"Shuffling" from one zero interest credit card to another is a legitimate strategy for getting yourself out of credit card debt years sooner than simply making the same payments each month on a high interest credit card.

And of course, because you won't be paying any interest, you will save big in this department. And here's how it's done... you put your right foot in, you put your right foot out, you do the... OK poor attempt at humor. But seriously folks, there is a bit more to it than meets the eye.

** Step 1:** Before you start

First, just the act of writing out a budget is going to identify
ways that you can likely save yourself an additional 10% on your
expenses each month. And that's 10% *more* each month that you
can use to pay down your debt.

Second, preparing and following a budget will be the only way to keep yourself disciplined enough to stick with your credit card debt payment plan. This is important if you want to take full advantage of a zero interest credit card strategy.

** Step 2:** Let's say that you have a $15,000
credit card balance with an interest rate of 18%. Your minimum monthly
payments are currently calculated at 2% of the outstanding balance on
your card and you are only paying this amount each month. On $15,000,
the minimum balance for the next month will be $300.

You have worked the numbers and you know that it will take you 53
years and just under $43,000 to get rid of that credit card debt at your
current pace. (Yes, those are the **real numbers**.)
Depending on your age, you may not live to see that day. I doubt I
will, so don't bother emailing me when that day comes. The solution?
Bring on the zero interest credit card.

Once you have your new zero interest credit card in your hot little hands, it's time to transfer your balance over.
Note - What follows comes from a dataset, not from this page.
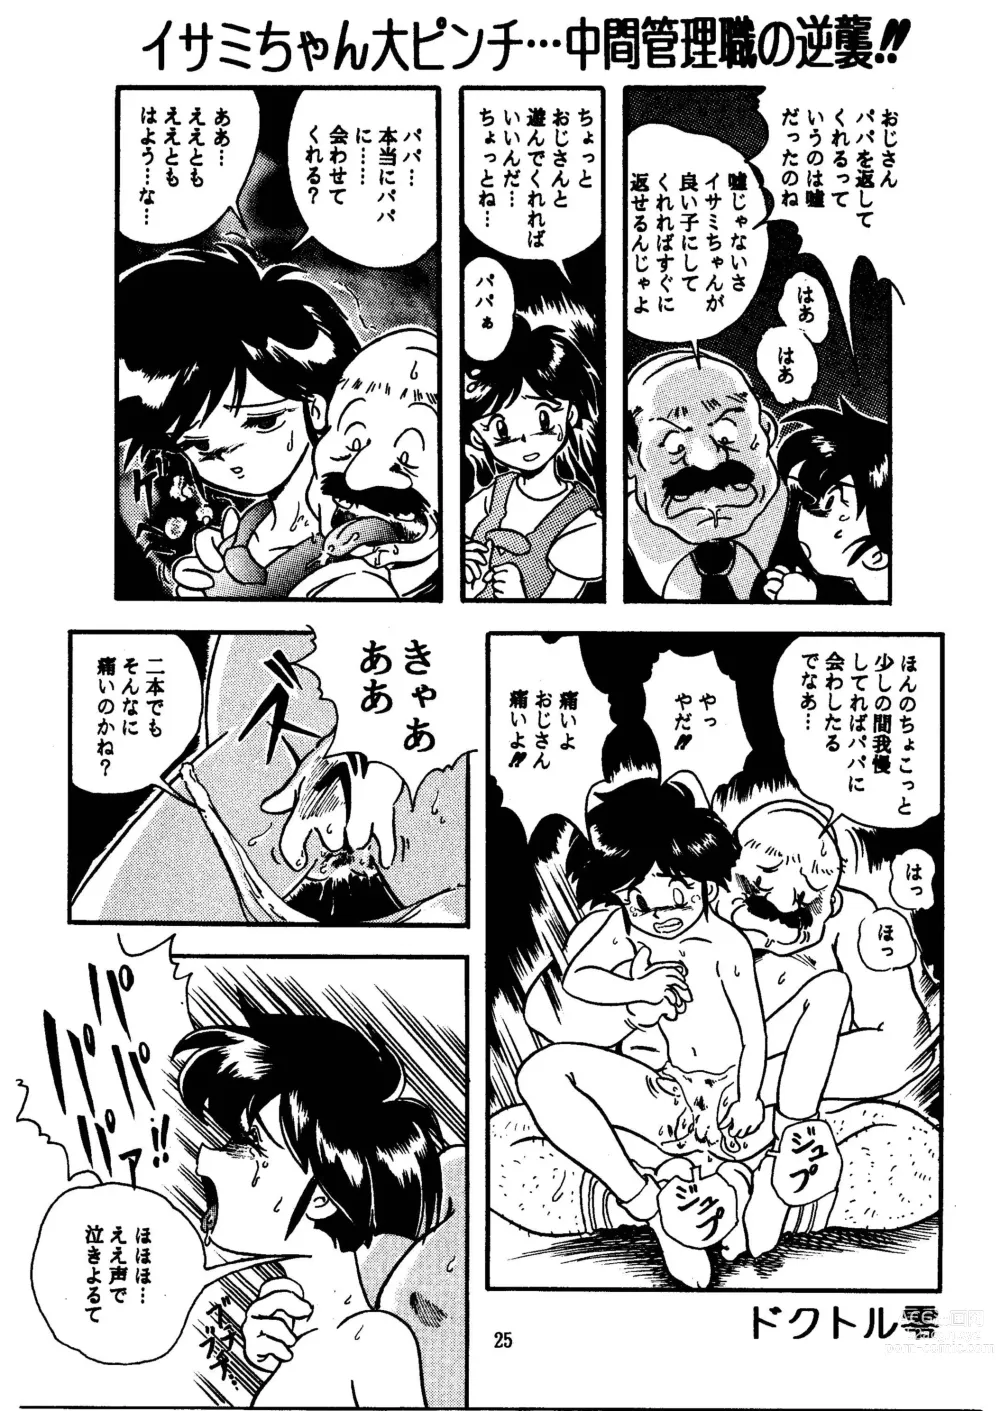 Page 25 of doujinshi GALTECH

Now, let's assume that your minimum payment remains at 2%, and that you continue to pay the minimum balance each month. We'll also assume that the interest free period on the credit card is twelve months (some cards are only six months). Let's find out where you will be in 12 months...

- your credit card balance will be $11,770.75 compared to $14,266.95 if you had stayed with the old card
- the amount of interest you paid will be $0.00 compared to $2,785.58 if you had stayed with the old card

Impressive results wouldn't you agree? But let's keep it going...
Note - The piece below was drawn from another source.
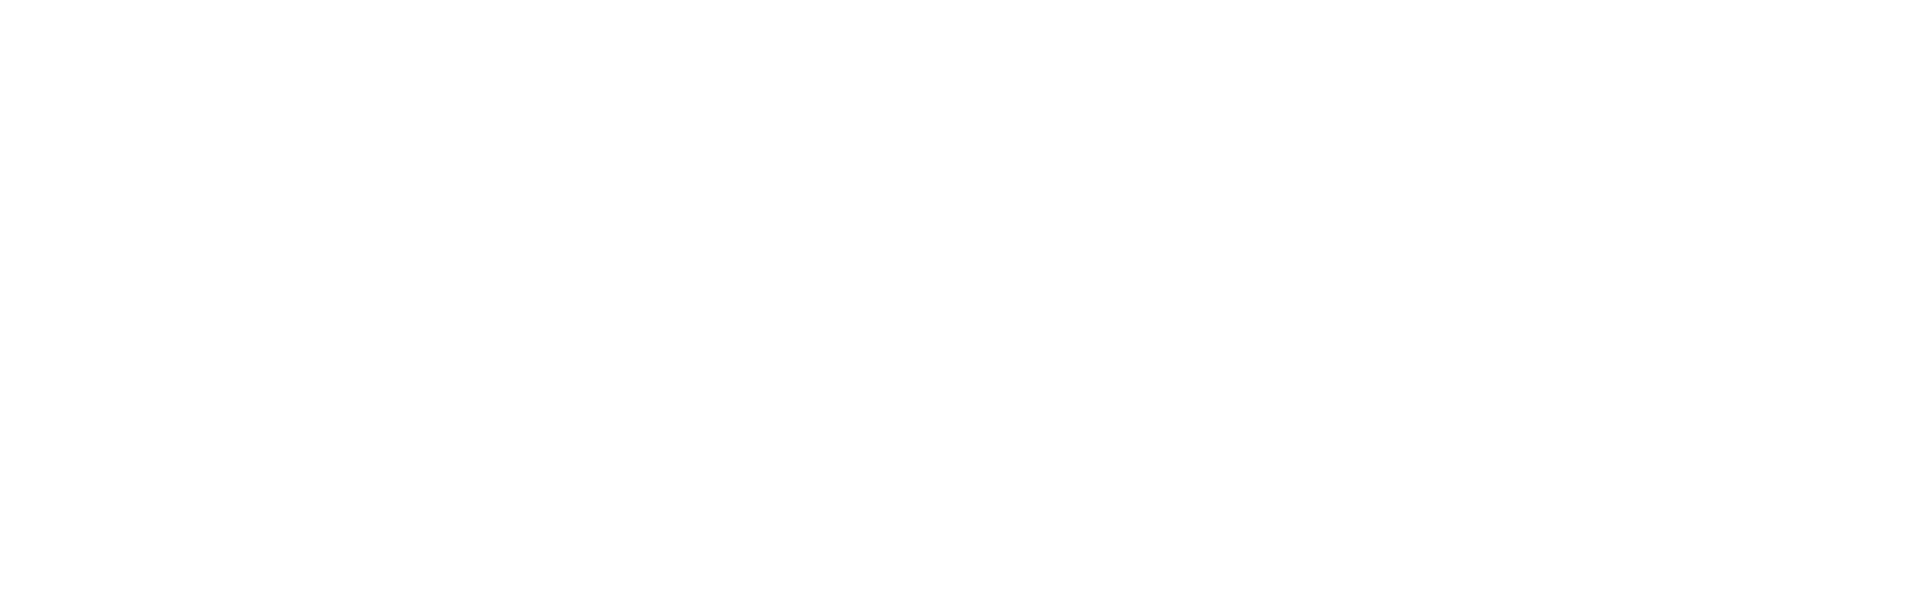 Energy Serv's Logo in White.

Let's assume that each time the introductory 0% interest rate on a credit card expired, you switched the balance over to a new zero interest credit card. And so on, and so on. How long would it take you to get out of debt if you continued to pay the 2% minimum balance each month? The answer...

219 months, or 18 1/4 years.

Much better than 53 years, but still too long. Plus, it is unlikely that you will be able to pull off the zero interest credit card shuffle 19 times! So what do you do?

Here's where preparing and sticking to a budget pays dividends. The more disciplined you are at sticking to your budget, and the more extra cash you can come up with each month to pay down your credit card balances, the faster you can get out of debt.

Having said that, the first goal you should shoot for is to *at
least* continue to keep your monthly payments at a constant level
going forward. In other words, if your minimum payment the first month
you get your new zero interest credit card is $300, then stick to
paying $300 going forward. Don't drop down to the new minimum balance
that will show up on your next month's statement. Based on our example,
at O percent interest, and paying $300 per month, you would retire that
credit card debt in 4 years and 2 months. Is this sounding better now?
Alright let's take the final step and get you...

We know that your debt is $15,000, so if we want to get that amount completely paid off in 24 months, we need to make payments each month going forward of $625 ($15,000 / 24). Is this possible? Well, it would require you to only perform the zero interest credit card shuffle 2 times, which is realistic. But it also requires you to more than double the payments you are currently making. And only you know if this is possible.

Actually, until you sit down, draw up a detailed budget, learn
exactly where your money is going, and then look for ways to reduce
your spending, *even you won't know if it's possible*. So get
to work on that budget, and start "the dance". Who knows, in 24 months
you may be dancing in the streets, credit card debt free!